Right now Alaya runs on Arbitrum and opBNB. Plans call for BNB Chain and Optimism next. The idea is simple: different chains have different users, fees, and speeds. More chains mean more people can join without worrying about which wallet they use.
The Alaya AI roadmap runs from 2022 to 2026. NFT support is done. DAO governance is still being built out. User targets keep rising after hitting 3.6 million. Next up: DePIN (hardware networks like Helium and Hivemapper) and tie-ups with compute platforms like Akash and Golem.
A tie-up with Bittensor, a market for AI models, is in the plans too. If it works, the flow would go: data gets labeled on Alaya, models get trained on Akash or Golem, and the finished AI gets sold through Bittensor. A fully open AI stack from data to deployment. Can it beat Google, Microsoft, and Amazon? Nobody knows yet.

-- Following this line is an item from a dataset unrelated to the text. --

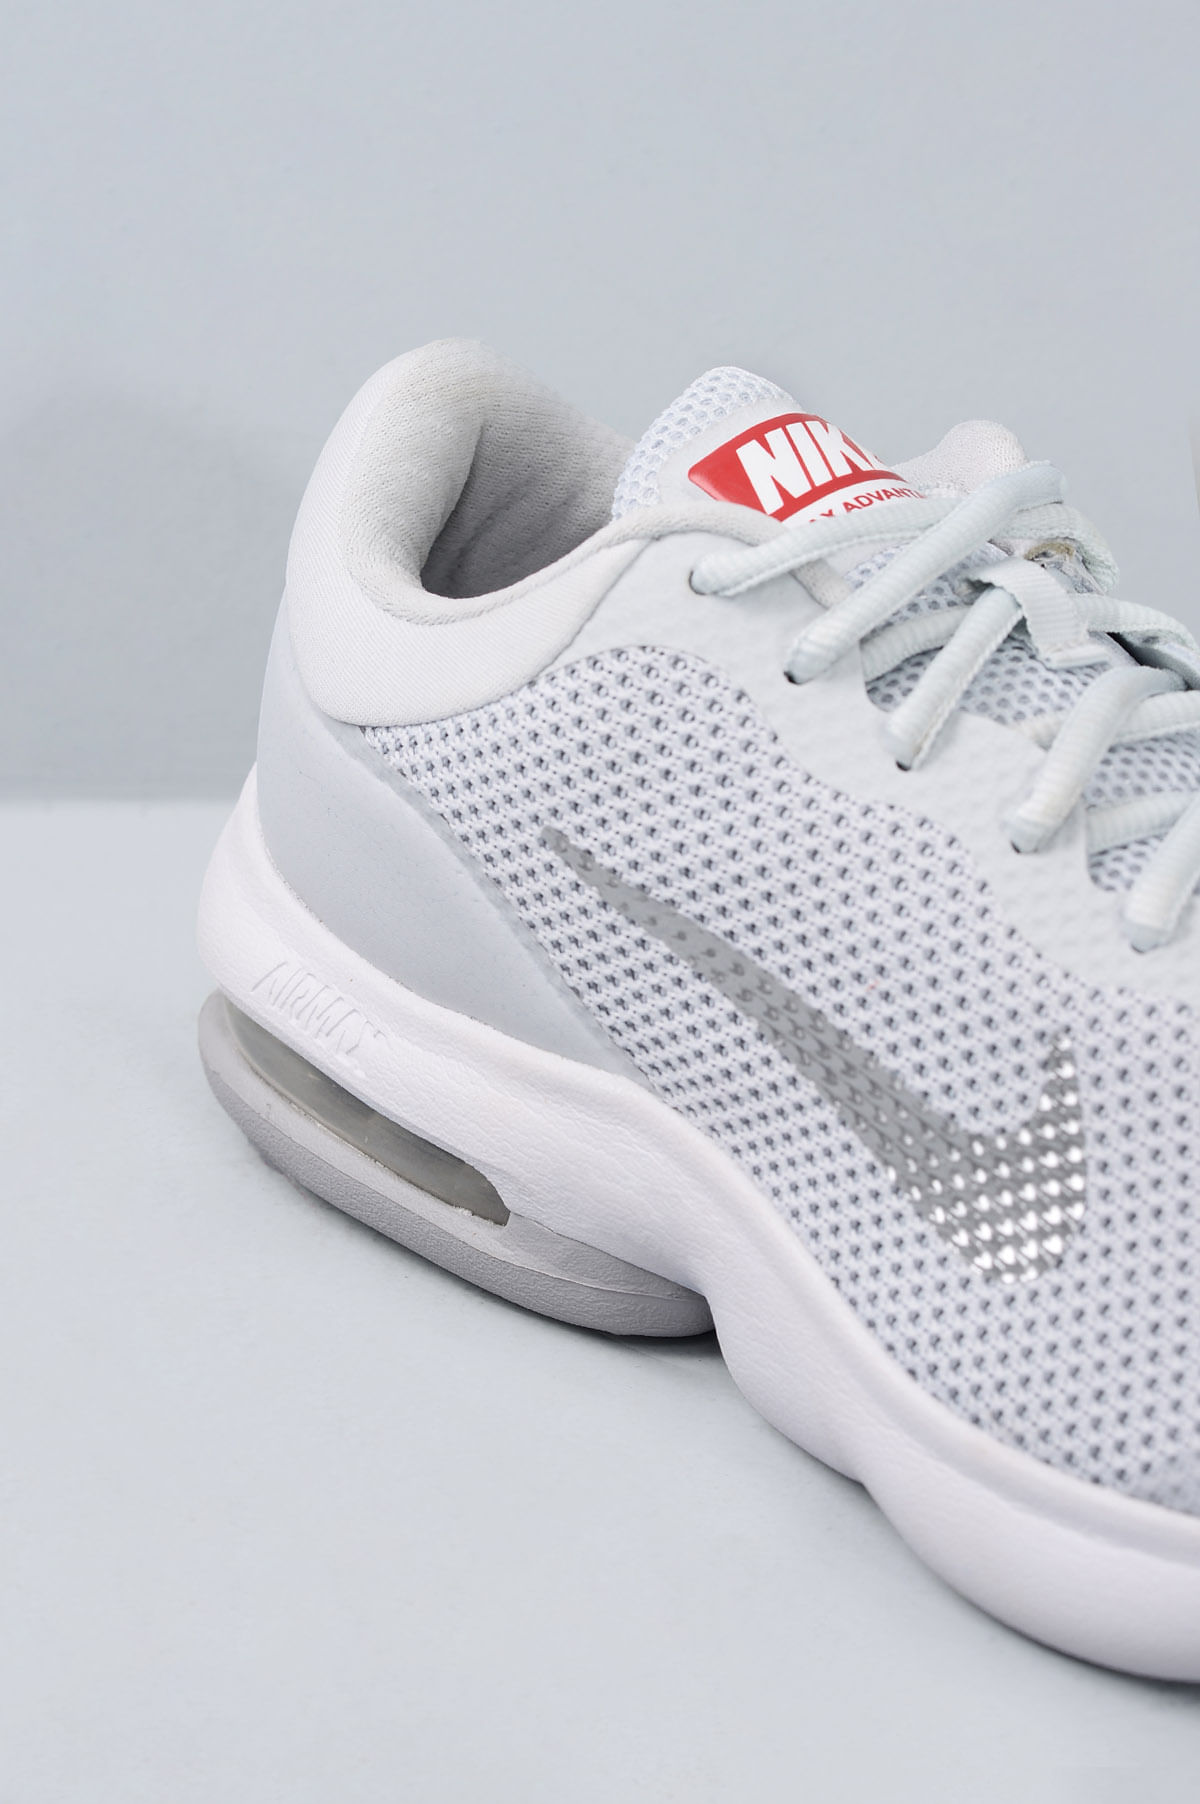 Tênis Masculino Nike Air Max Advantage Tec Prata Mundial

Risks, limitations, and honest concerns about the Alaya AI platform
Every project has weak spots. Alaya AI has several that are worth an honest look.
Token liquidity is a worry. AGT is down 83% from its May 2025 peak and only trades about $115,000 a day. One big sell order could tank the price. Workers who save up tokens for months could watch their earnings vanish in an afternoon. To be fair, most small-cap tokens have the same problem.

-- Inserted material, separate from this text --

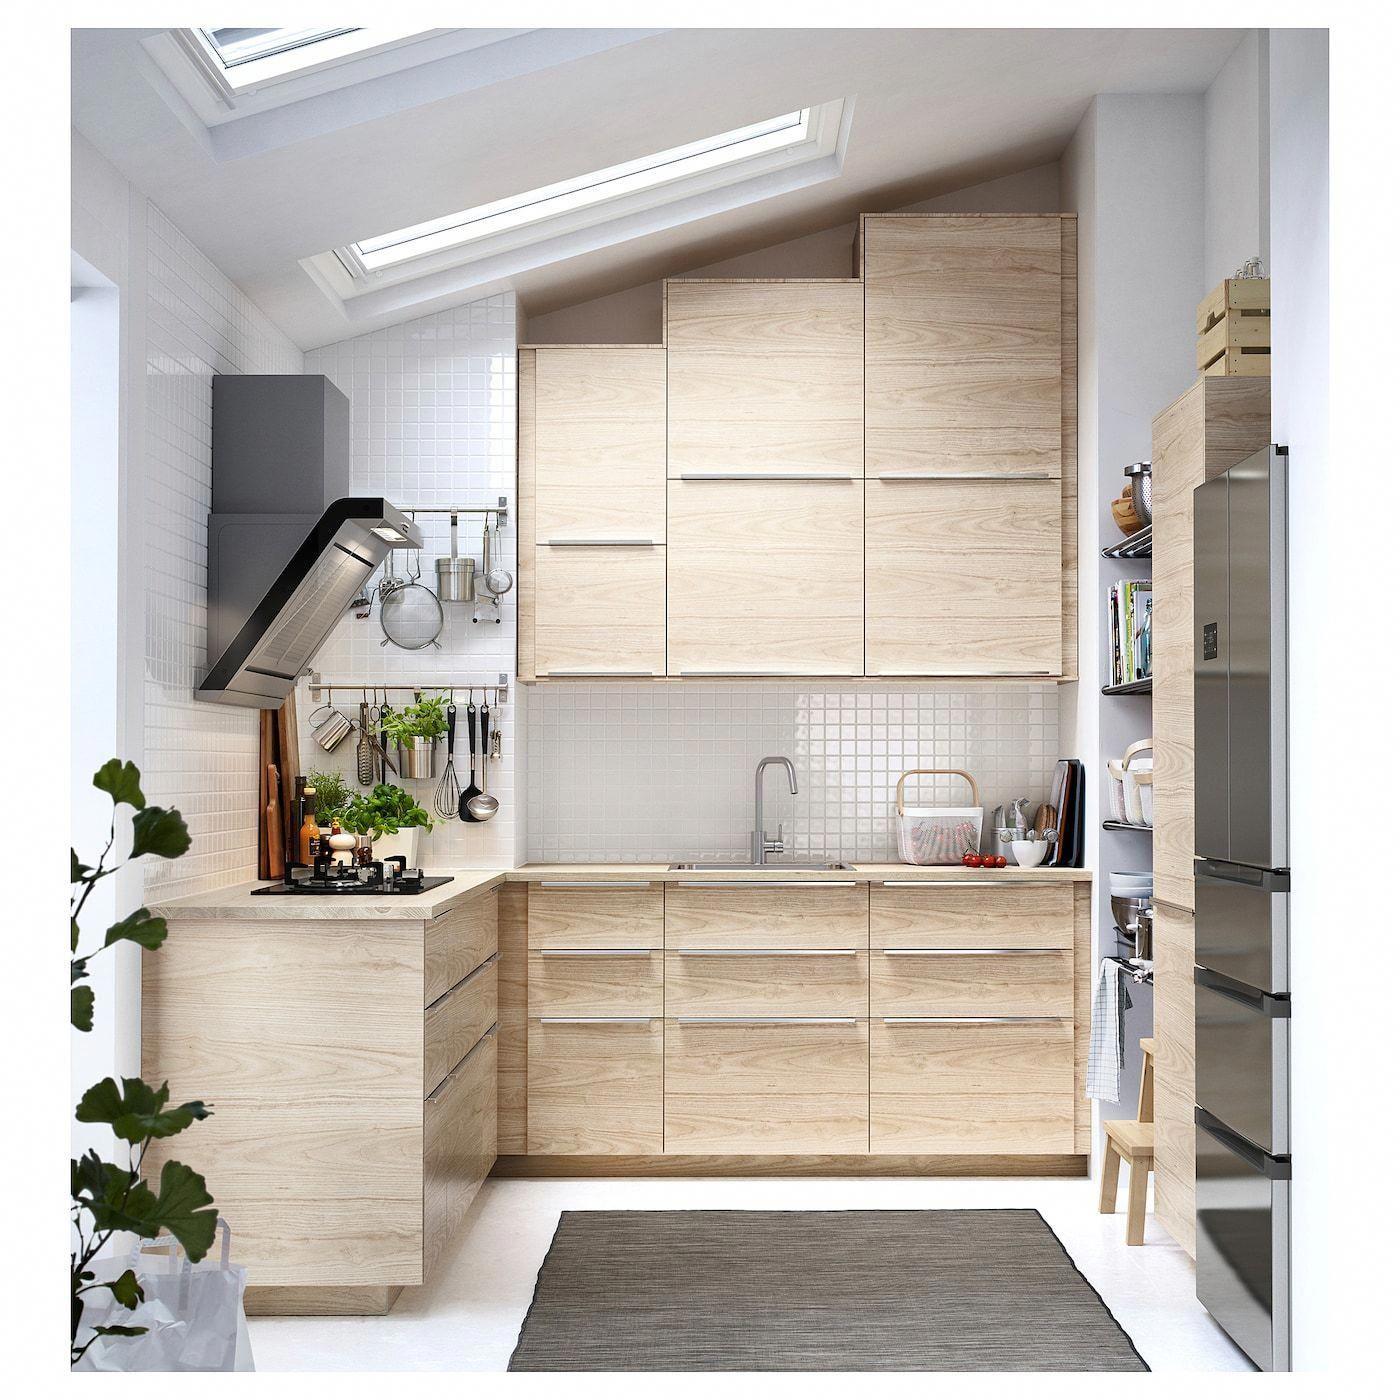 Ikea Ekbacken Countertop Ash Effect Laminate Kitchendecor

User reliance creates a chicken-and-egg bind. AI firms want big, solid datasets, which needs lots of active workers. Workers want steady pay, which needs lots of AI firms posting jobs. Alaya claims 3.6 million users and 327,000 daily tasks, but how many of those people are truly labeling data versus just playing quizzes for tokens is hard to say.
New users face a steep climb. You need to know about NFTs, two different tokens, and a bidding system just to get going. Most normal people have no clue how any of that works. That keeps Alaya boxed into the Web3 crowd when it really needs the whole world to show up and label data.

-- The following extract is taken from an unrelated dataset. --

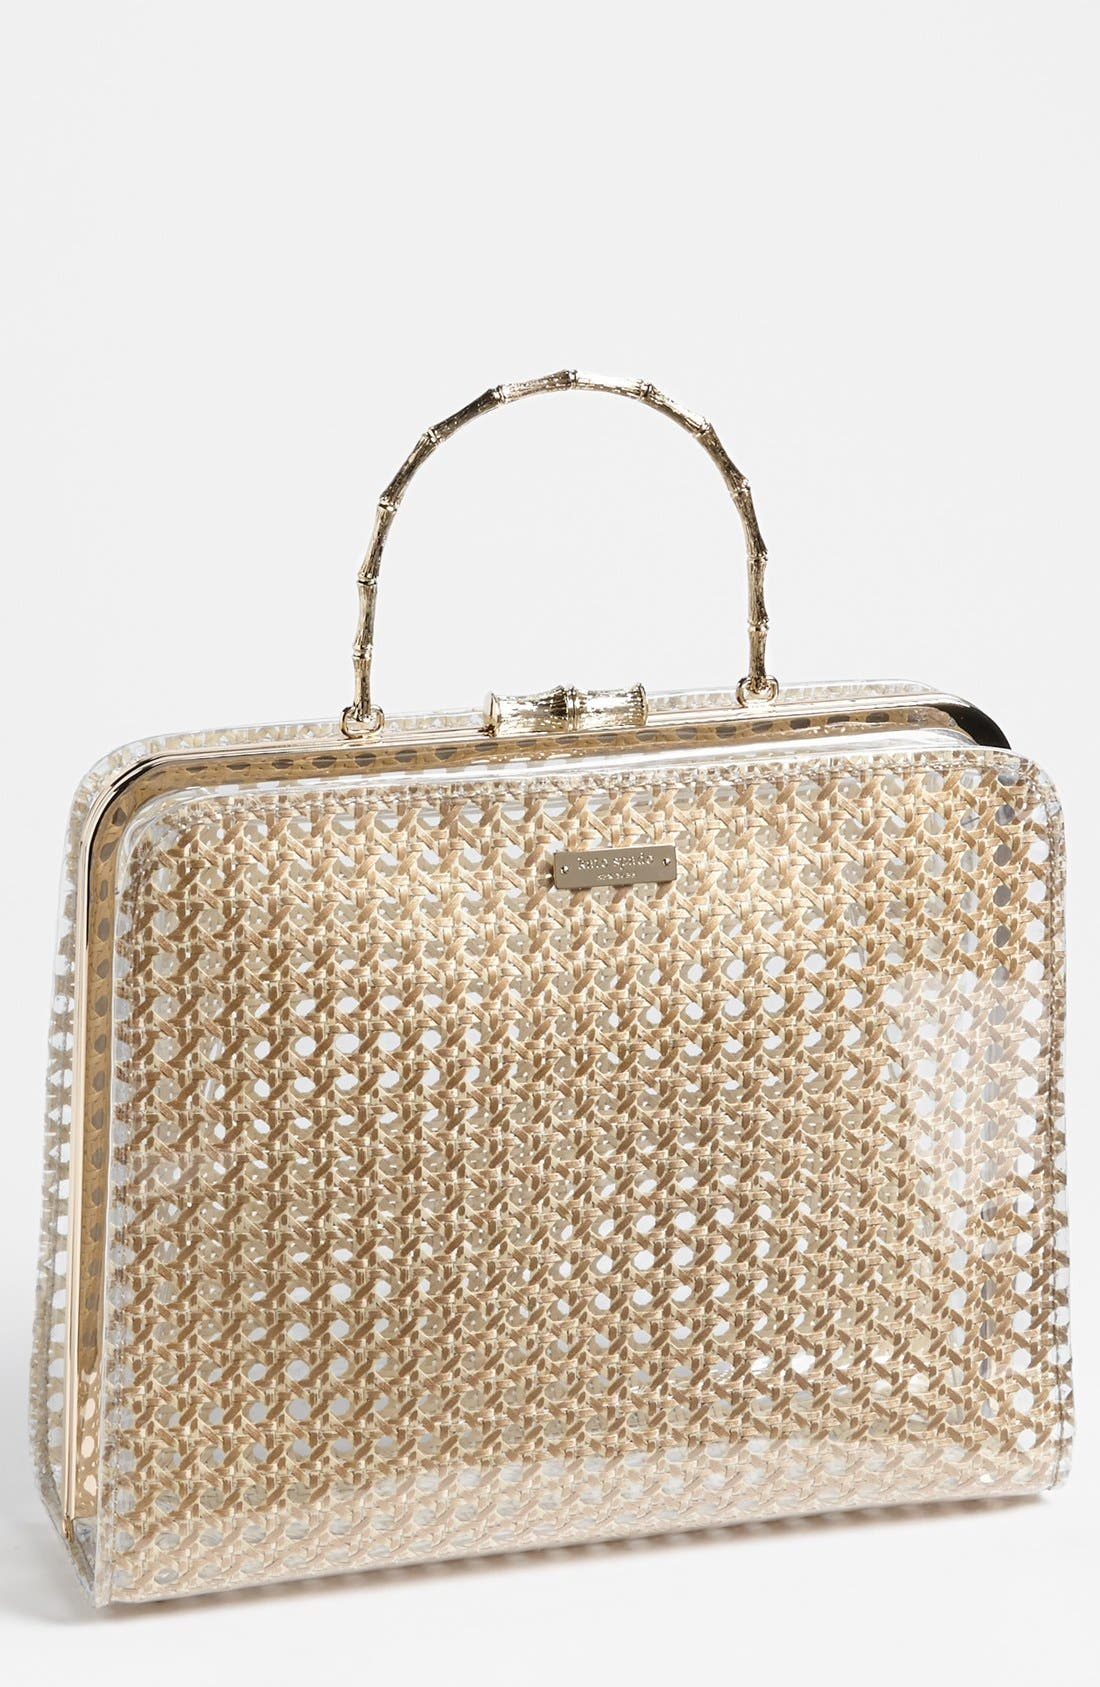 Alternate Image 1 Selected - kate spade new york 'summer house - sylvia' handbag

Regulators are a wild card. Paying people in tokens sits in a legal gray zone in many countries. If the SEC or other bodies decide that ALA or AGT are securities, Alaya would have to follow rules that could change how it works from top to bottom.
Competition is intense. Scale AI raised $1.3 billion and counts the U.S. Department of Defense among its clients. Labelbox has enterprise-grade tools and deep integrations with major cloud providers. Alaya's blockchain approach is different, but being different does not win contracts. Execution, reliability, and enterprise support matter more to most AI companies than decentralization as a selling point.
Conclusion
Alaya AI is trying to do something that most Web3 projects only talk about: build a product where the blockchain part actually solves a real problem. The combination of transparent data provenance, paid community contribution, and decentralized governance tackles specific pain points in data quality and contributor compensation that centralized platforms have not fixed. The Open Data Platform launch and Binance MVB selection in late 2024 suggest the project has momentum beyond just another crypto whitepaper.
But momentum and delivery are different things. The token market remains small, the user base needs to grow substantially to attract major AI companies, and the platform competes against incumbents that already have enterprise relationships and deep pockets. For contributors interested in earning crypto while doing meaningful AI training work, Alaya is worth exploring. For AI companies evaluating data labeling partners, the platform is interesting but unproven at enterprise scale.
Can Alaya AI prove that decentralized, community-driven data labeling matches the quality and speed that enterprise AI companies demand? The project has bet everything on the answer being yes. Two years from now, we will know if that bet paid off.